Advances in generative fashions have made it attainable for AI-generated textual content, code, and pictures to reflect human-generated content material in lots of functions. Watermarking, a way that embeds info within the output of a mannequin to confirm its supply, goals to mitigate the misuse of such AI-generated content material. Present state-of-the-art watermarking schemes embed watermarks by barely perturbing possibilities of the LLM’s output tokens, which will be detected by way of statistical testing throughout verification.
Sadly, our work exhibits that widespread design selections in LLM watermarking schemes make the ensuing techniques surprisingly vulnerable to watermark removing or spoofing assaults—resulting in elementary trade-offs in robustness, utility, and value. To navigate these trade-offs, we rigorously examine a set of easy but efficient assaults on widespread watermarking techniques and suggest tips and defenses for LLM watermarking in apply.
Immediate | Alan Turing was born in … |
---|---|
Unwatermarked Z-Rating: 0.16 ↓ PPL: 3.19 |
Alan Turing was born in 1912 and died in 1954. He was an English mathematician, logician, cryptanalyst, and laptop scientist. In 1938, Turing joined the Authorities Code and Cypher College (GC&CS), the place he contributed to the design of the bombe, a machine that was used to decipher the Enigma-enciphered messages… |
Watermarked Z-Rating: 5.98 ↑ PPL: 4.46 |
Alan Turing was born in 1912 and died in 1954, at the age of 41. He was the good British scientist and mathematician who is essentially credited with being the father of trendy laptop science. He’s recognized for his contributions to mathematical biology and chemistry. He was additionally one in all the pioneers of laptop science… |
(a) Piggyback spoofing assault Exploiting robustness Z-Rating: 5.98 ↑ |
Alan Turing was born in 1950 and died in 1994, on the age of 43. He was the good American scientist and mathematician who is essentially credited with being the daddy of recent laptop science.
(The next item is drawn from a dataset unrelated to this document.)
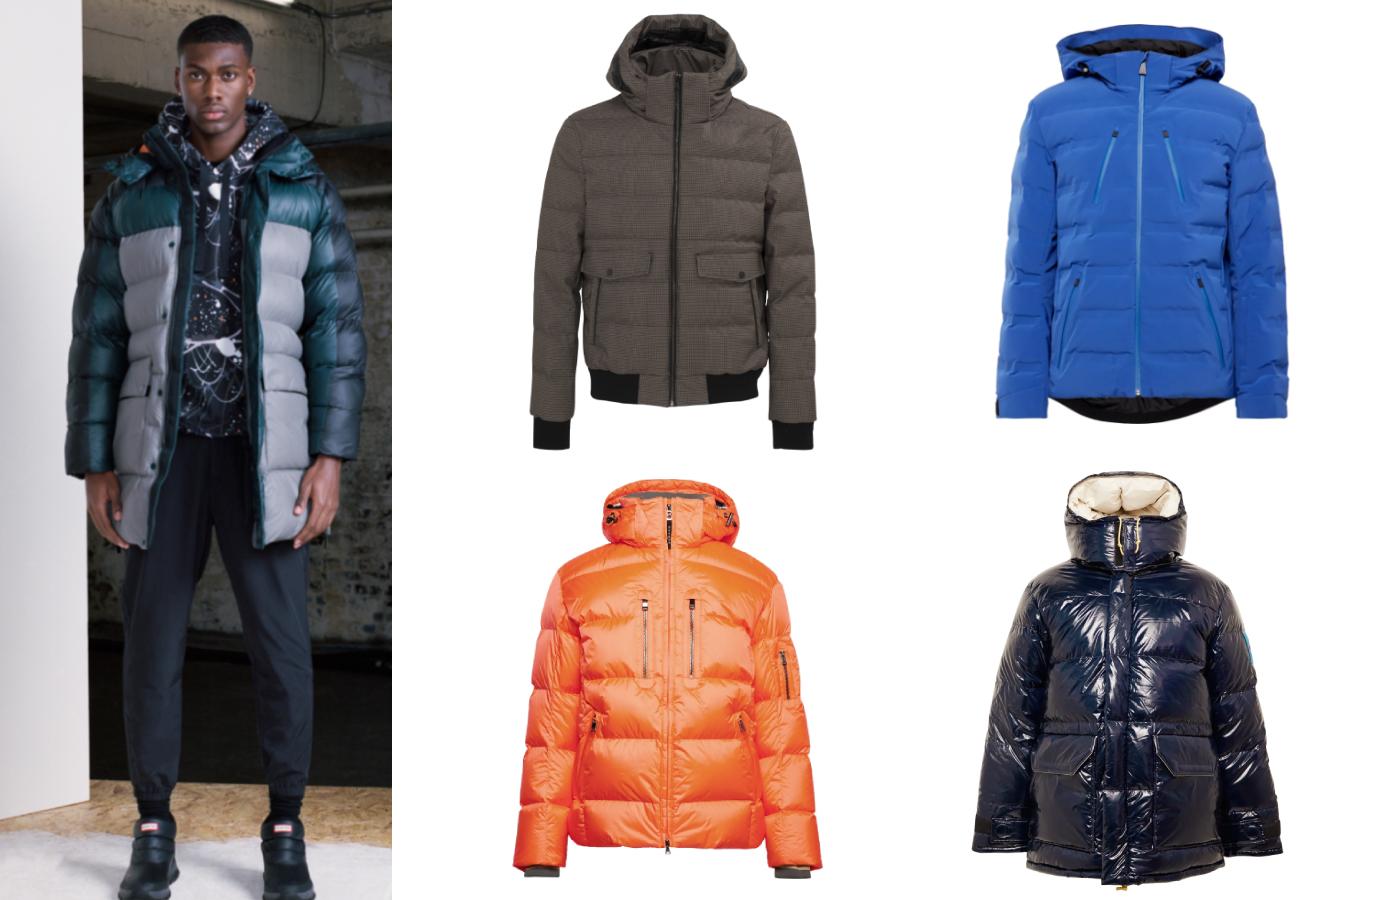 Men's après-ski jackets

He’s recognized for his contributions to mathematical biology and musicology. He was additionally one of many pioneers of laptop science… |
(b) Watermark-removal assault Exploiting a number of keys Z-Rating: 2.40 ↓ PPL: 4.05 |
Alan Turing was born in 1912 and died in 1954. He was a mathematician, logician, cryptologist and theoretical laptop scientist. He is legendary for his work on code-breaking and synthetic intelligence, and his contribution to the Allied victory in World Struggle II. Turing was born in London. He confirmed an curiosity in arithmetic… |
(c) Watermark-removal assault Exploiting public detection API Z-Rating: 1.47 ↓ PPL: 4.57 |
Alan Turing was born in 1912 and died in 1954. He was an English mathematician, laptop scientist, cryptanalyst and philosopher. Turing was a main mathematician and cryptanalyst. He was one in all the key gamers in cracking the German Enigma Code throughout World Struggle II. He additionally got here up with the Turing Machine… |
What’s LLM Watermarking?
Much like picture watermarks, LLM watermarking embeds invisible secret patterns into the textual content. Right here, we briefly introduce LLMs and LLM watermarks. We use (x) to indicate a sequence of tokens, (x_i in mathcal{V}) represents the (i)-th token within the sequence, and (mathcal{V}) is the vocabulary. (M_{textual content{orig}}) denotes the unique mannequin with no watermark, (M_{textual content{wm}}) is the watermarked mannequin, and (sk in mathcal{S}) is the watermark secret key sampled from (mathcal{S}).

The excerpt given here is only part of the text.